» DATASET EXCERPT
>>>
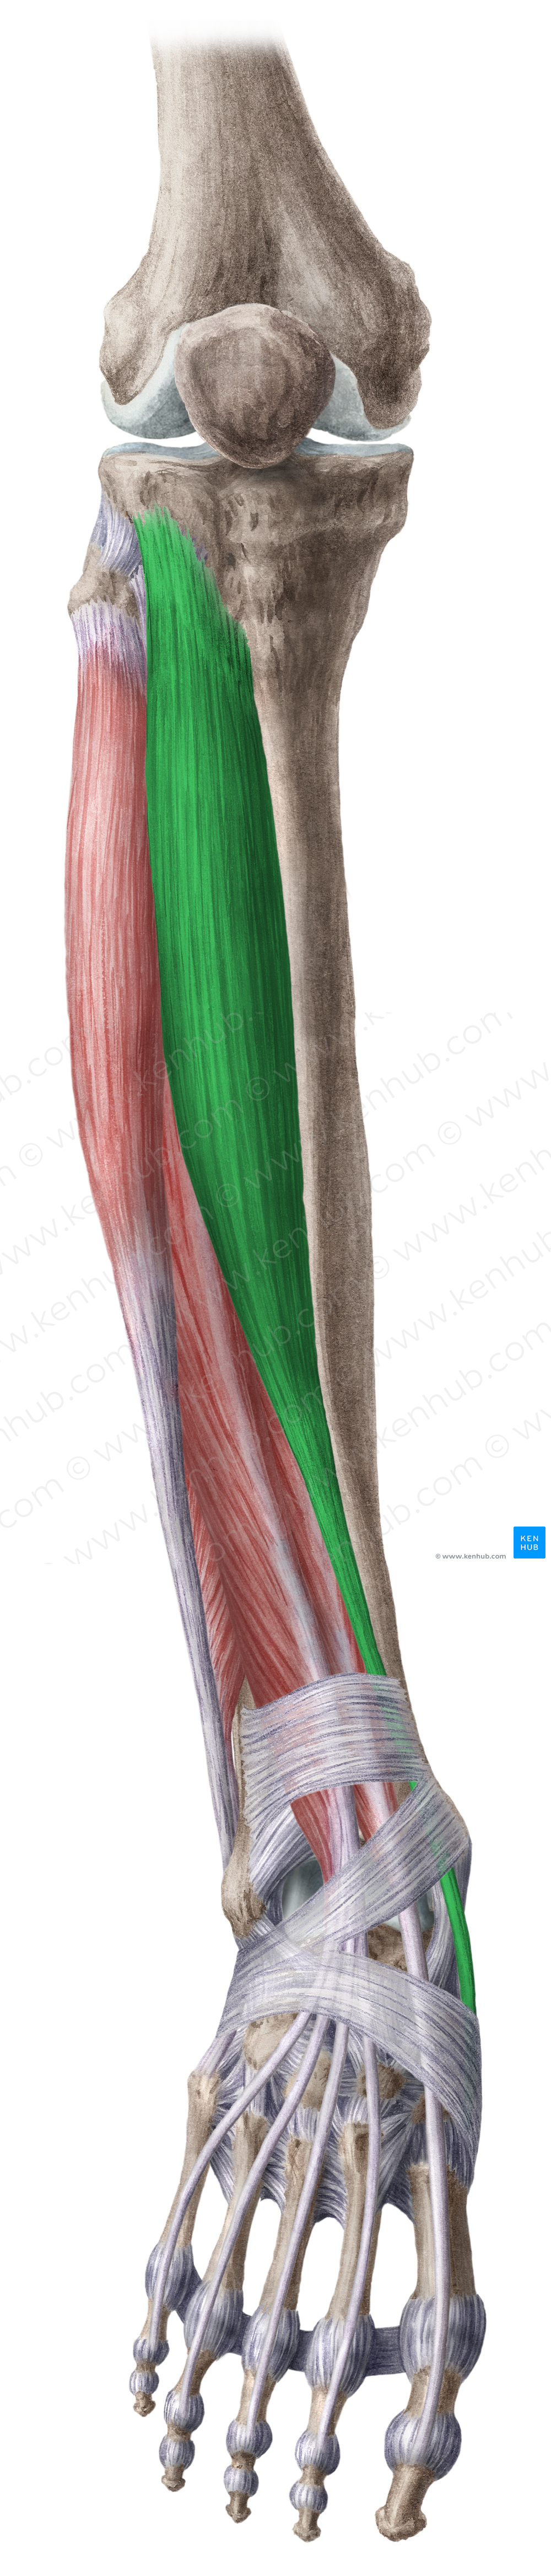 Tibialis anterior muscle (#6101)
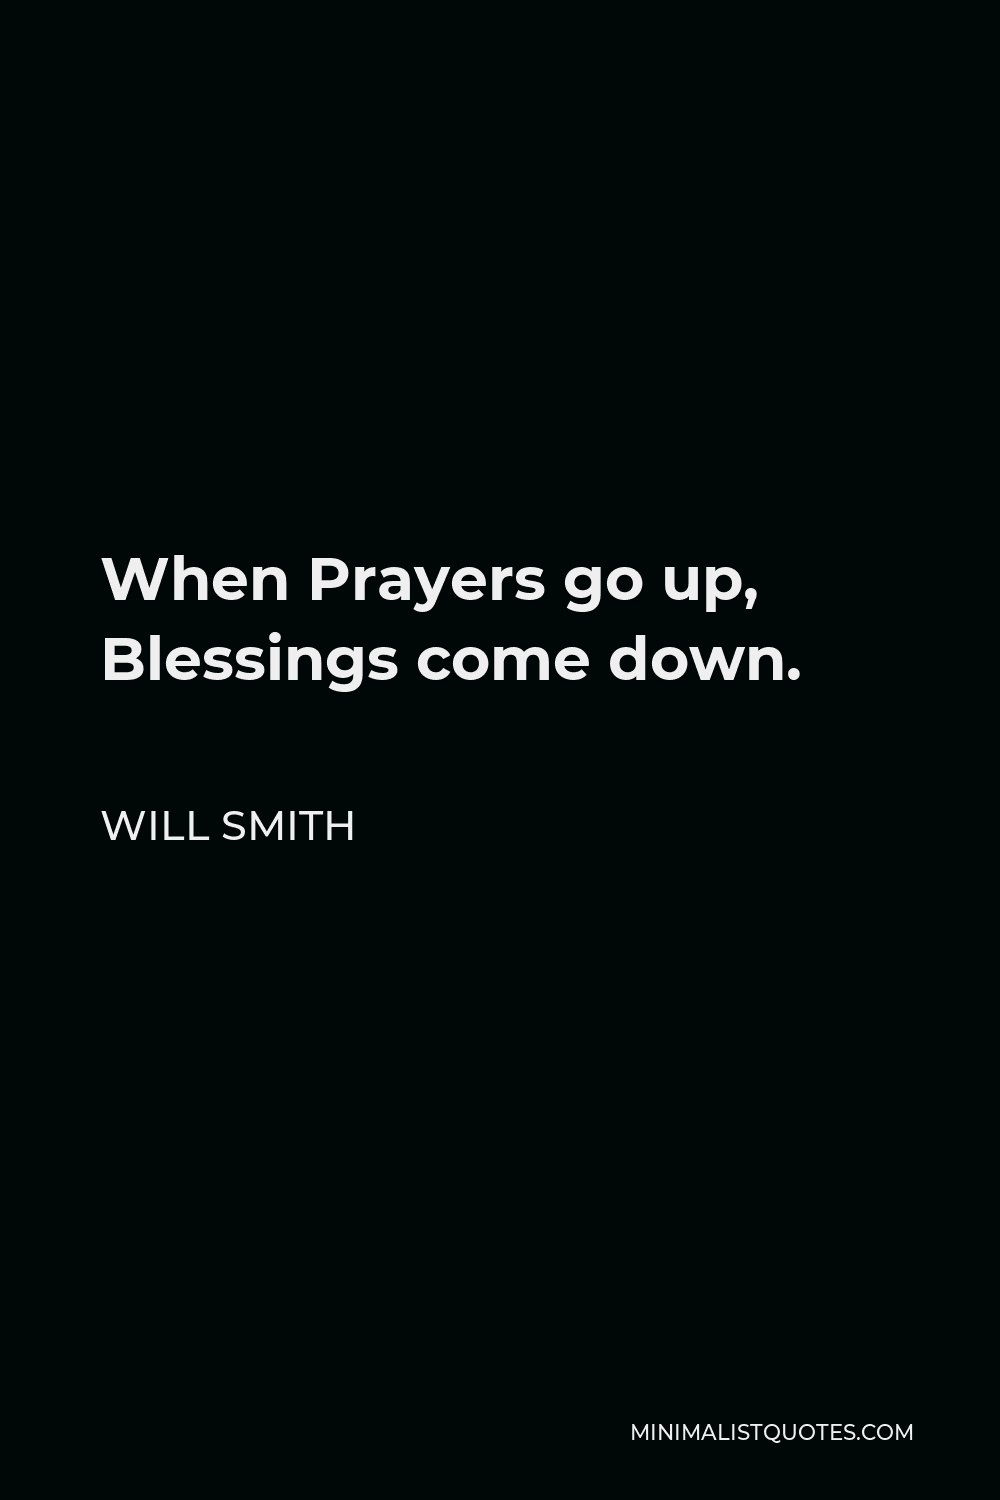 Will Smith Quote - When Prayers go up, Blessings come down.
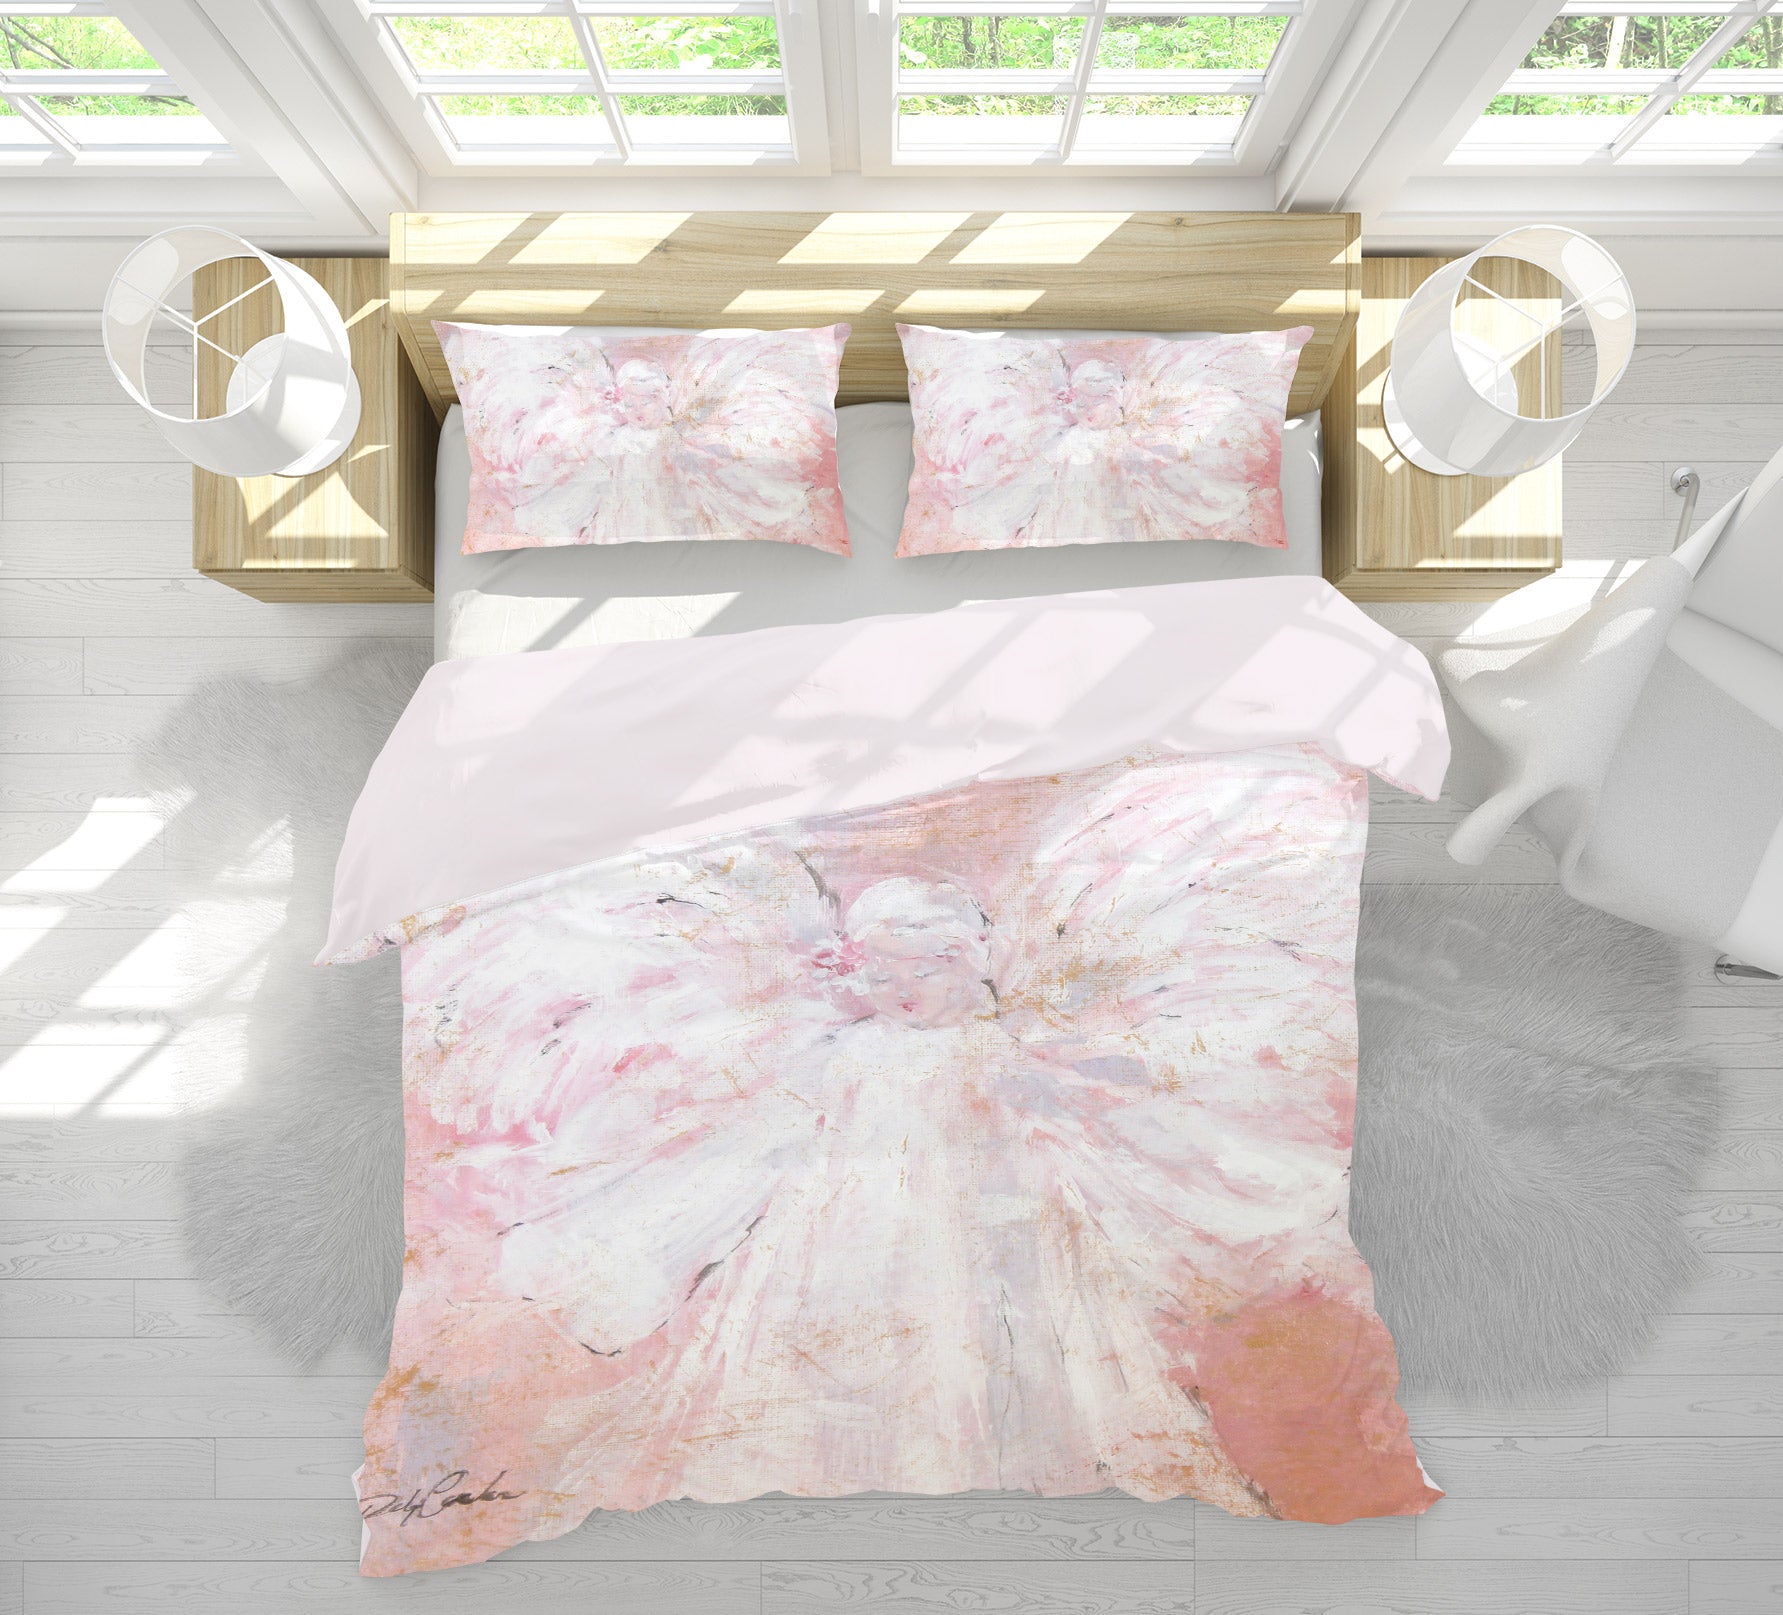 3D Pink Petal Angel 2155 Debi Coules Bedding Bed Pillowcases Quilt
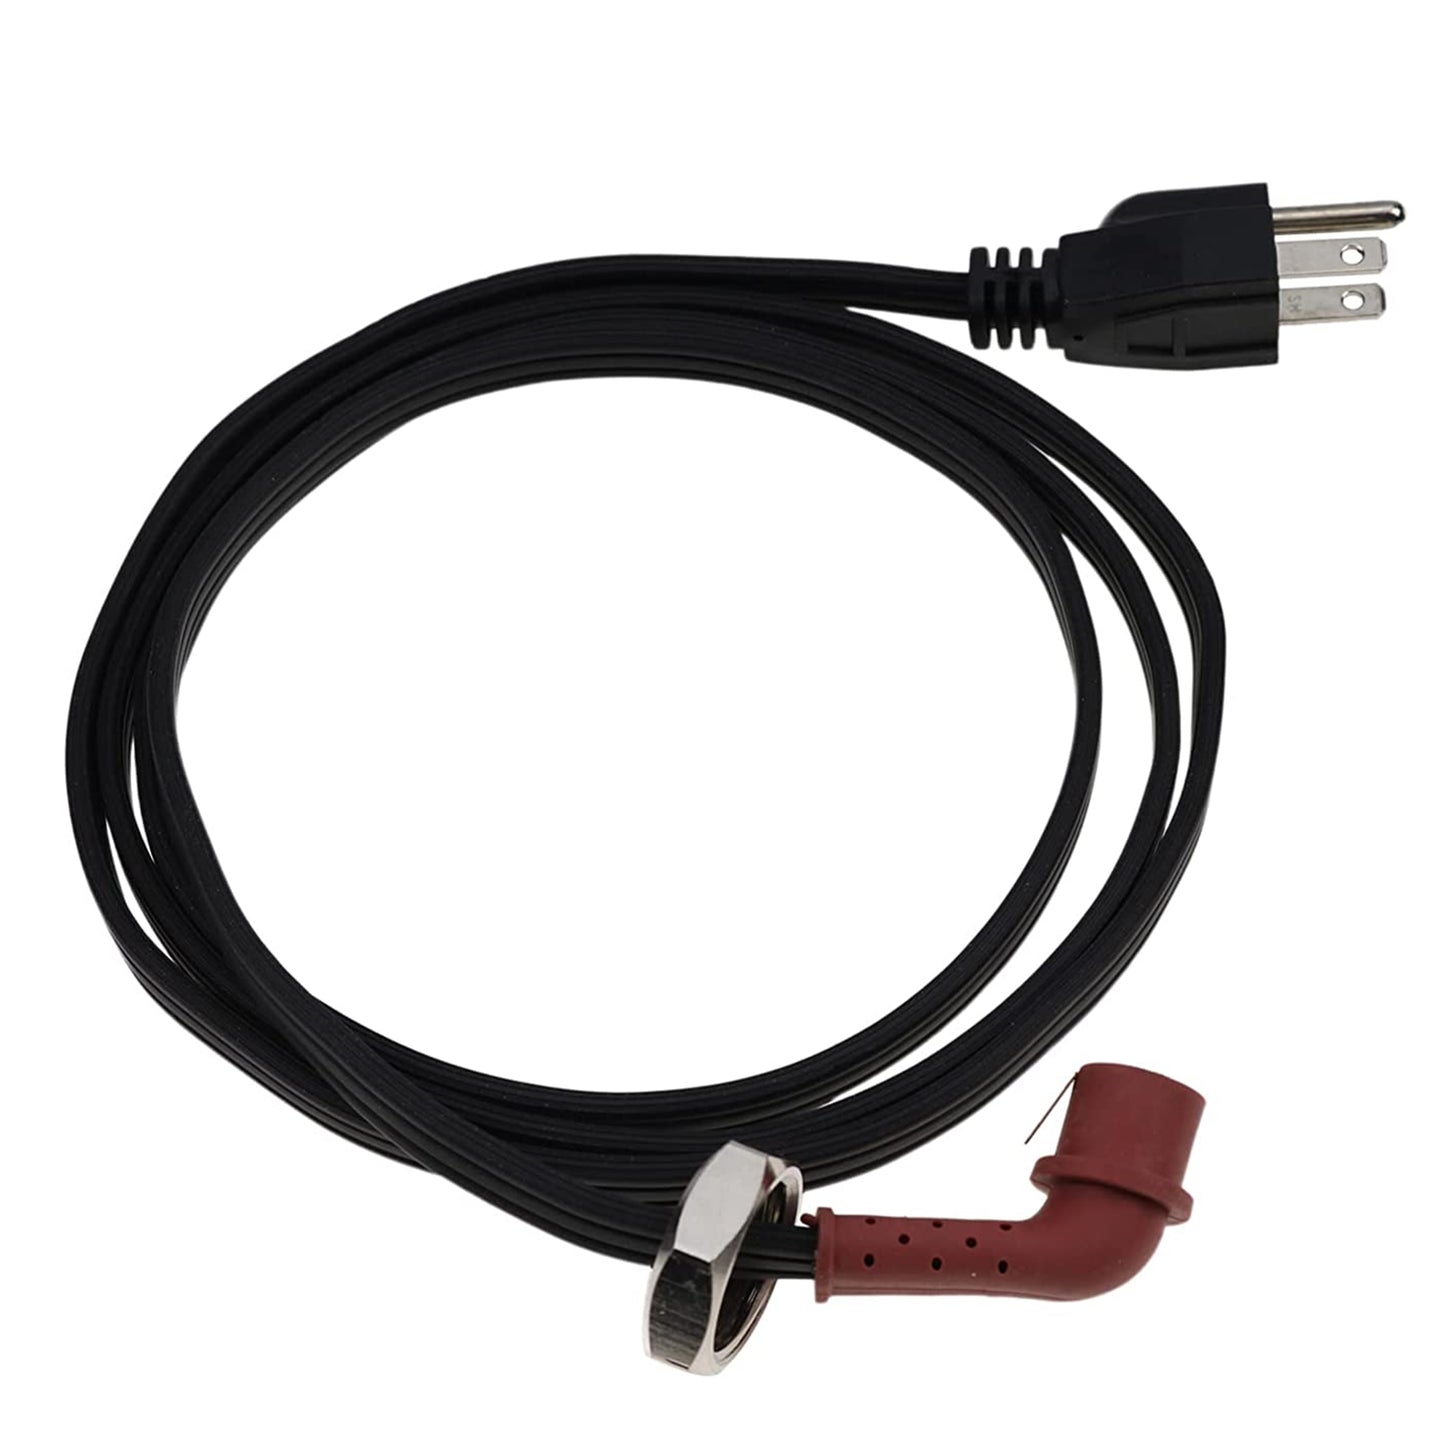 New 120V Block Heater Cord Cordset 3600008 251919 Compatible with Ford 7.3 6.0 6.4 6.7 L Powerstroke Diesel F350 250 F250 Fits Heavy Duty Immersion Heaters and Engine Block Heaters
<<<
» WORK REQUIRED
Quote the material word for word, dropping any images it holds.

» OUTPUT OF THE EXERCISE
 Tibialis anterior muscle (#6101)
 Will Smith Quote - When Prayers go up, Blessings come down.
 3D Pink Petal Angel 2155 Debi Coules Bedding Bed Pillowcases Quilt
 New 120V Block Heater Cord Cordset 3600008 251919 Compatible with Ford 7.3 6.0 6.4 6.7 L Powerstroke Diesel F350 250 F250 Fits Heavy Duty Immersion Heaters and Engine Block Heaters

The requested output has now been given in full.